As Alan Kohler has noted today, a report produced for the Minerals Council of Australia on the need for governments to do more to help the mining industry begs more questions than it answers. Particularly around the quality of management in the industry.

The report was a classic of “independent modelling” with absurdly overstated claims, an industry wishlist and responsibility generously apportioned to  everyone but those who commissioned it. The coverage of the report included one of the oldest tricks in the rentseeker book: modelling two economic growth scenarios over several decades and then disingenuously claiming that particular policies would cause GDP to shrink by the gap between the two.

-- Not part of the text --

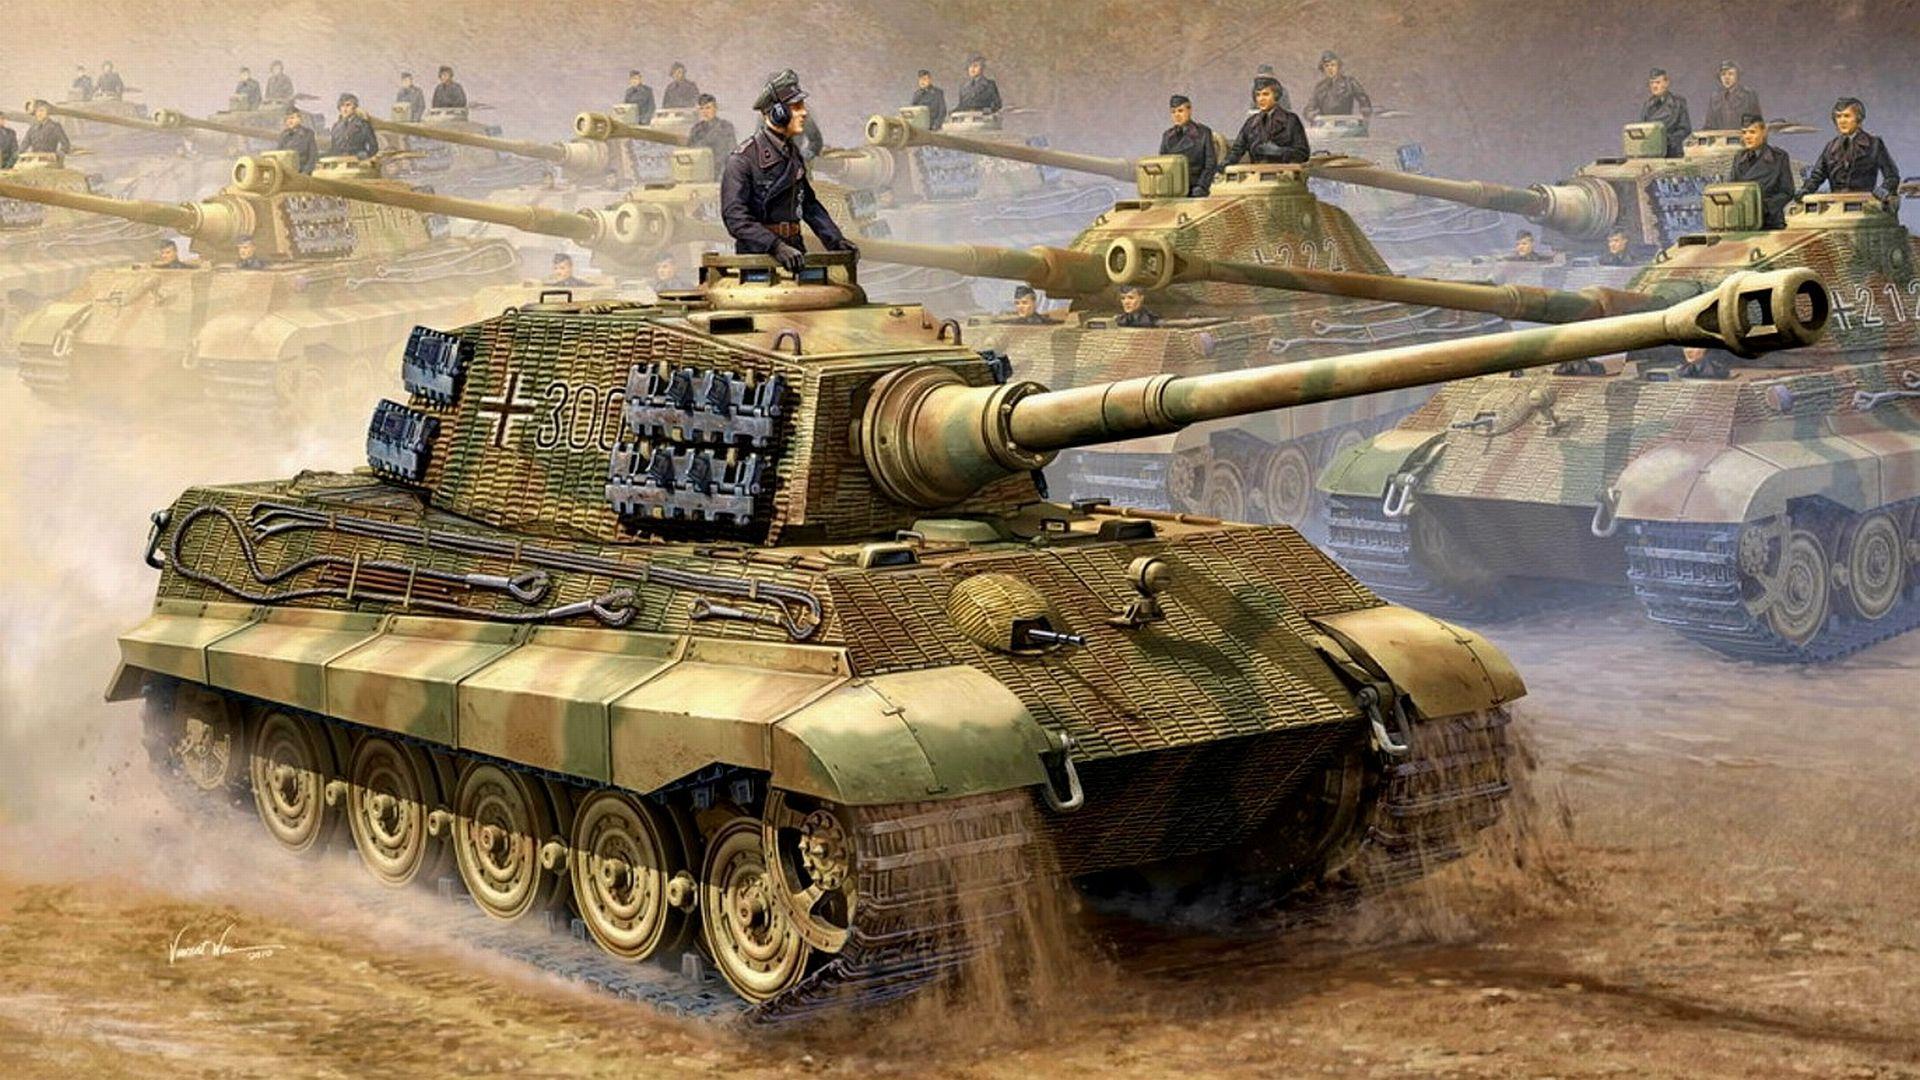 Tiger Tank Wallpapers Wallpaper Cave

Meantime, the problems in the management of major mining companies are becoming more apparent. Fortescue Metals is in dire straits because of its appetite for huge debt at a time when iron ore prices have started coming off their stratospheric levels. Campbell Newman has lashed out at the management of Queensland coal mining industry, driving LNP godfather Clive Palmer to publicly consider abandoning the party that he, more than anyone other than Bruce McIver and Lawrence Springborg, created. Criticism of Marius Kloppers at BHP Billiton is mounting, particularly in the wake of the massive write-down of its US shale gas investment.

The growing evidence of these problems has been accompanied by an increasingly shrill aggression from the mining sector toward the government, with Jac Nasser, Gina Rinehart and Palmer all insisting their problems lay with the carbon price, mining taxes and Australia’s industrial relations laws despite a steady flow of evidence that the industry’s ferocious bidding over available resources, a dollar supported by the mining boom and declining commodities prices have made managing a mining company more challenging than in the past.

Anyone could have made a profit in the mining business when iron ore prices were at US$180 a tonne and thermal coal prices were at US$190 a tonne. Now, with prices softer but still generous by historical standards, miners are struggling.

It says far more about managers who got used to windfall profits than about their employees or governments.